As Rigby was moving back to Philadelphia, the Major Indoor Soccer League (MISL) was beginning its first season. The next year, the local MISL club, Philadelphia Fever, which had used a largely amateur team its first season, negotiated an associate relationship with the Fury to use several Fury players in its second season. As a result, the Fury loaned Rigby to the Philadelphia Fever for the 1979–1980 Major Indoor Soccer League season.

In 1981, Rigby moved to the Montreal Manic for two seasons before moving to the Golden Bay Earthquakes for the 1982–1983 MISL season. He remained with the Earthquakes for the 1983 and 1984 NASL outdoor season. When the NASL folded after the 1984 season, Rigby was signed by the Chicago Sting on September 19, 1984, for a 15-day contract. The Sting released him at the end of the fifteen days and the Tacoma Stars offered him a contract. Rigby declined the offer to concentrate on his landscaping business. In February 1985, he signed with the Stars after they again offered him a contract. He spent most of the season as a backup to John Baretta.

At the conclusion of the season, Rigby moved back to the Earthquakes, renamed the San Jose Earthquakes. In 1985, the Earthquakes joined with three independent west coast teams to play the Western Alliance Challenge Series. This was the genesis of the short-lived Western Soccer Alliance/League. Rigby shared the goal with Hunter Stern during this challenge series and retired from playing at the end of it.
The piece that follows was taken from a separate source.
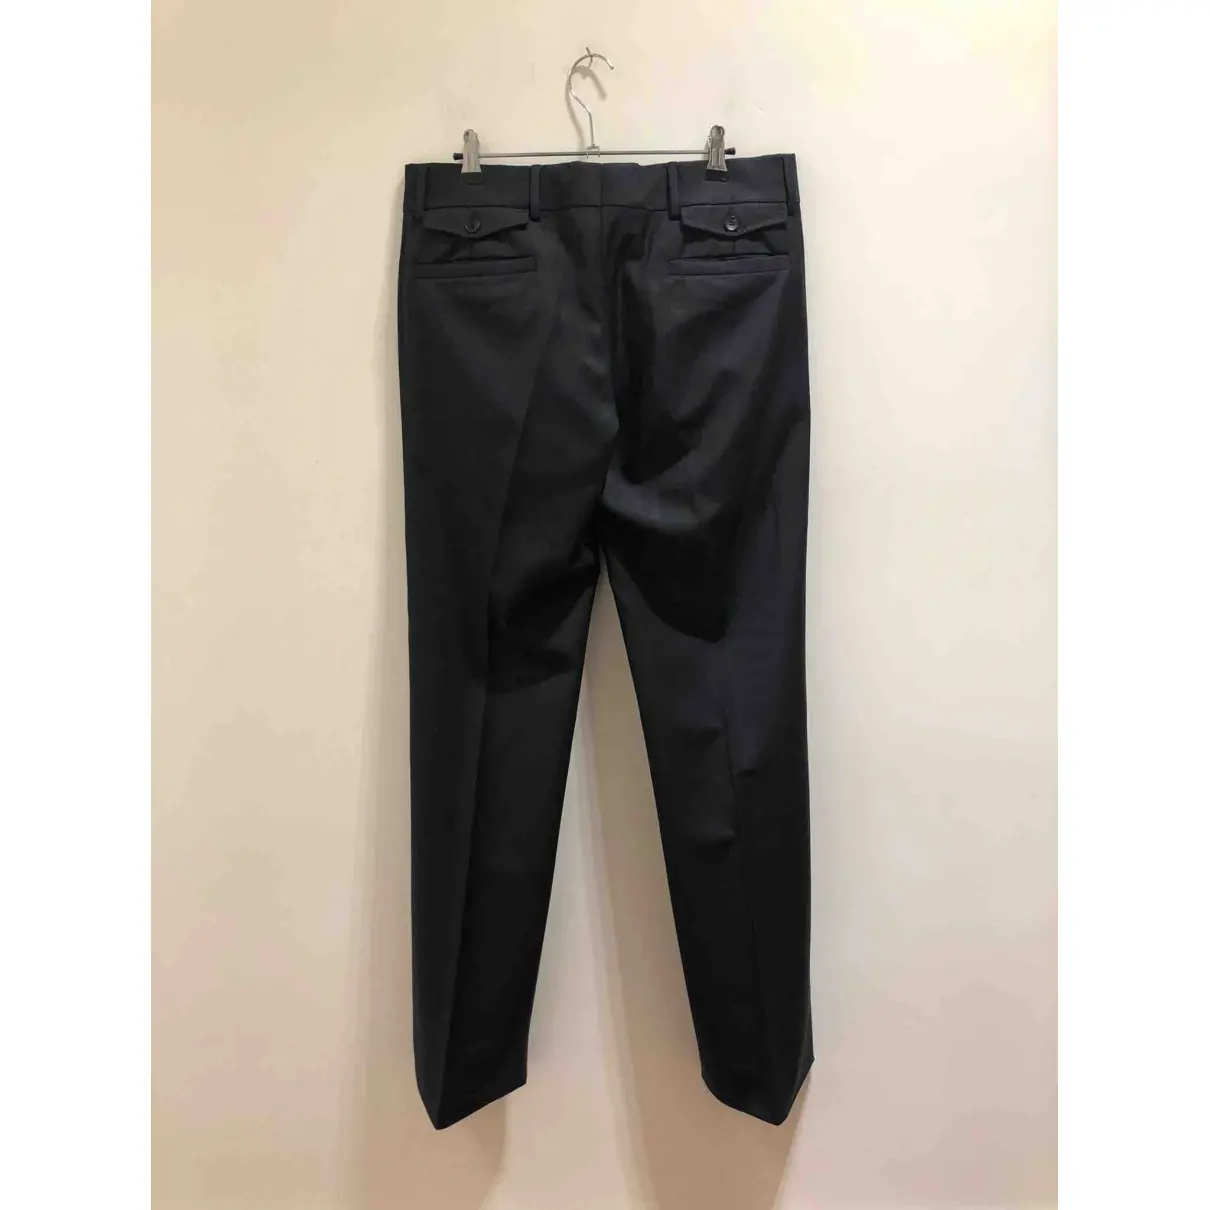 Buy Gucci Straight pants online - Vintage
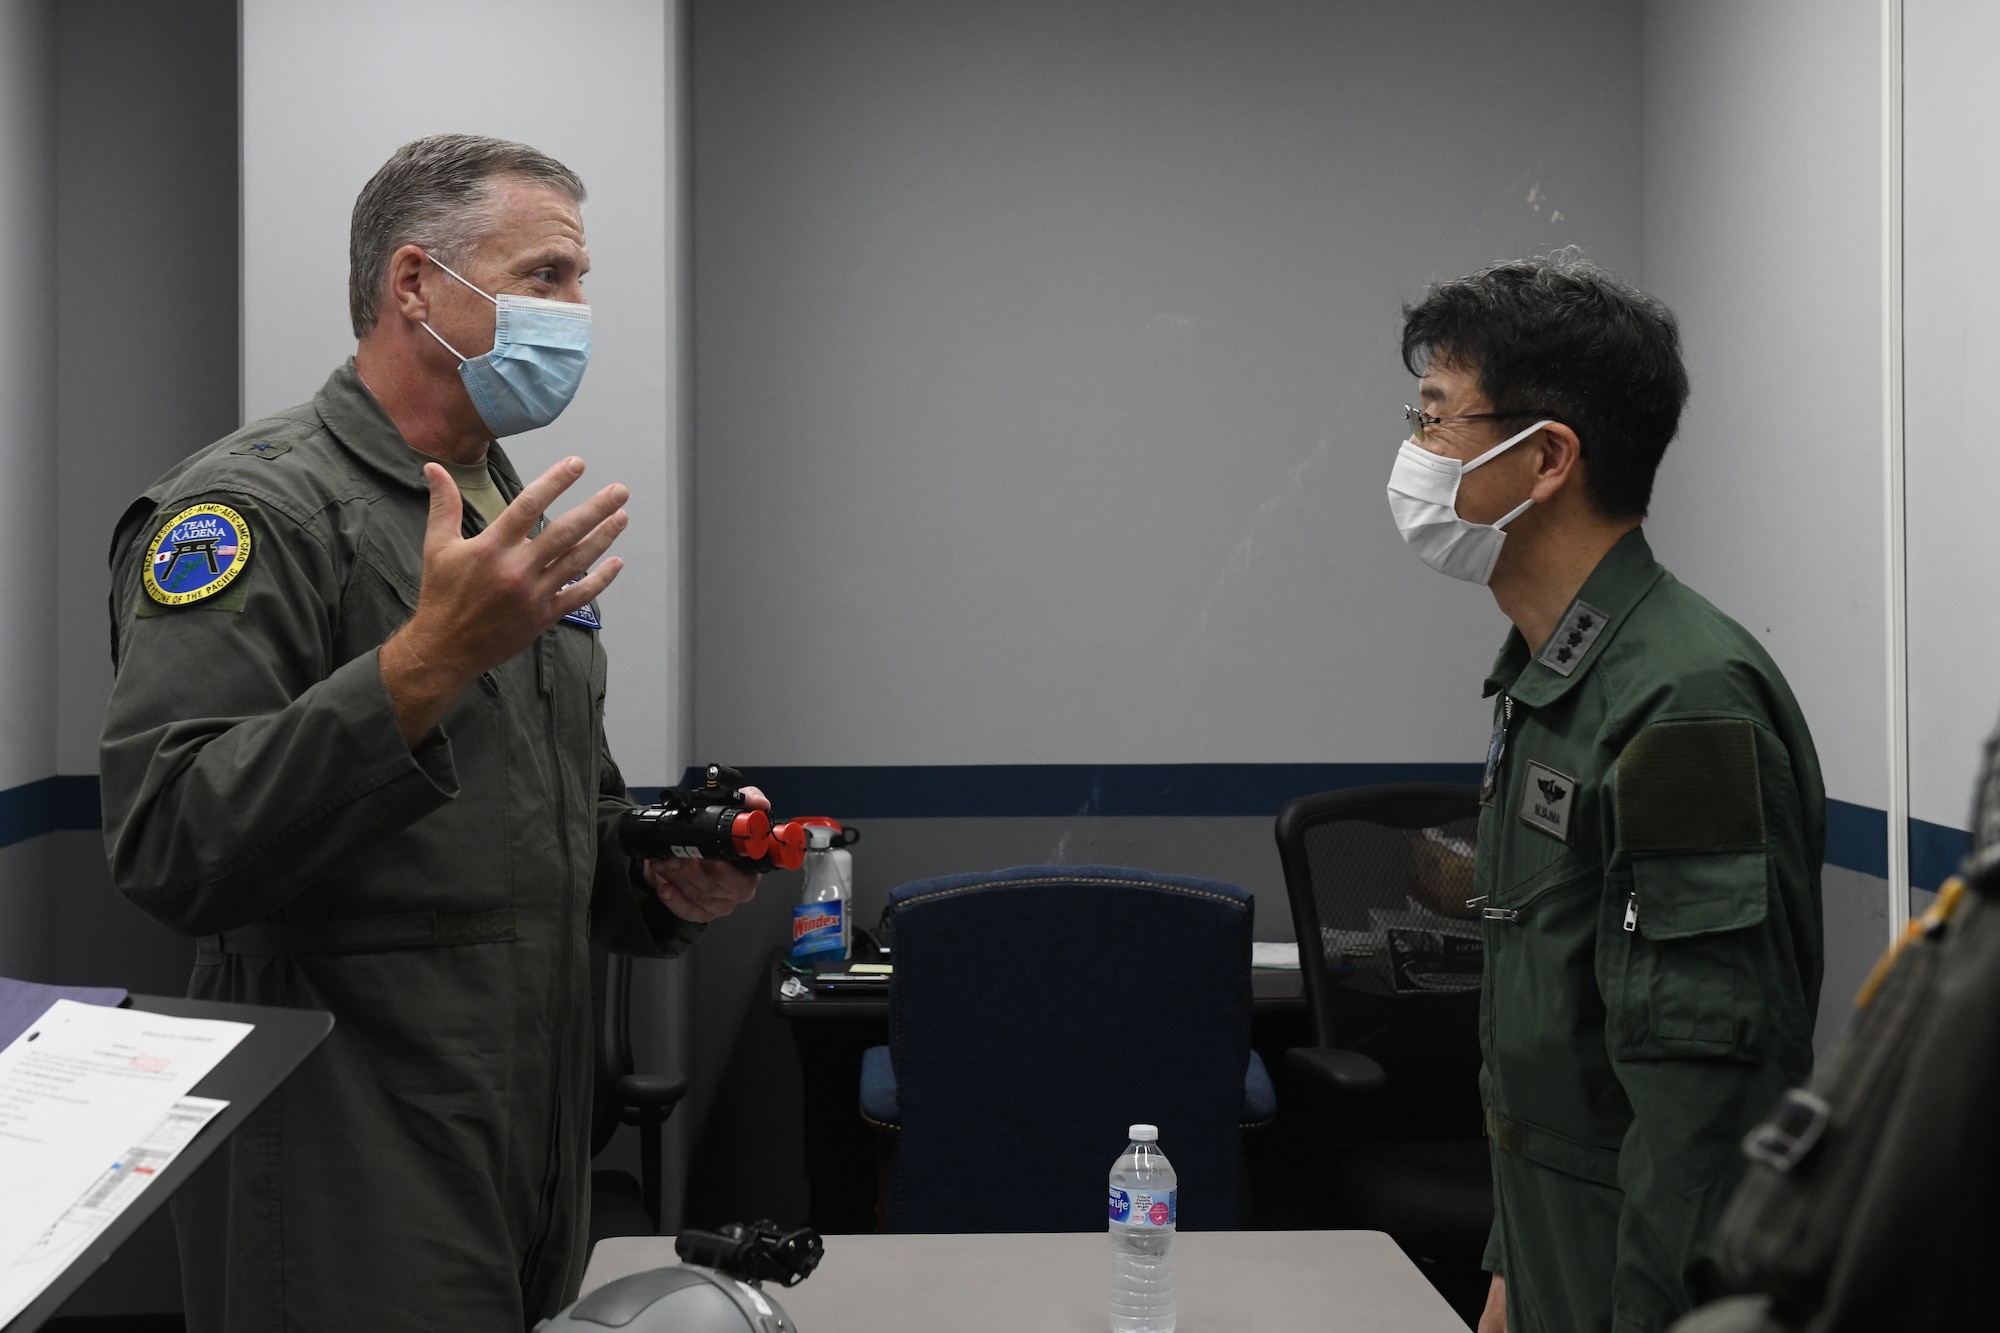 U.S. Air Force Brig. Gen. David Eaglin, 18th Wing commander, meets with Japan Air Self-Defense Force Lt. Gen. Masahito Yajima, Southwestern Air Defense Force commander, prior to a familiarization flight at Kadena Air Base, Japan, April 12, 2022. Yajima’s visit to Kadena highlighted the 18th Wing's commitment to strengthening the alliance between U.S. and Japanese forces by fortifying their combined combat capabilities in support of a free and open Indo-Pacific region. (U.S. Air Force photo by Staff Sgt. Benjamin Raughton)

Rigby was named to two NASL Second All-Star teams, in 1973 and 1974.

===National and Olympic teams===
The mid-1970s also saw Rigby play for both the U.S. Olympic and U.S. national teams. While Rigby travelled with the U.S. team to the 1972 Summer Olympics, he did not play. Mike Ivanow played the first two games and Shep Messing the third. On November 3, 1973, Rigby earned his first cap with the national team in a 1–0 loss to Haiti. He played a total of six games, his last coming in a loss to Mexico on August 24, 1975.

==Coaching career==
During his stint with the San Jose Earthquakes in 1985, Rigby coached the Los Gatos High School boys varsity team. After his retirement, Rigby became the head coach of the Ridley High School in Folsom, Pennsylvania. He remains active as a coach, recently as part of the Star Soccer Academy.

==Broadcaster==
Rigby served as color commentator for the Philadelphia Union during the 2012 season.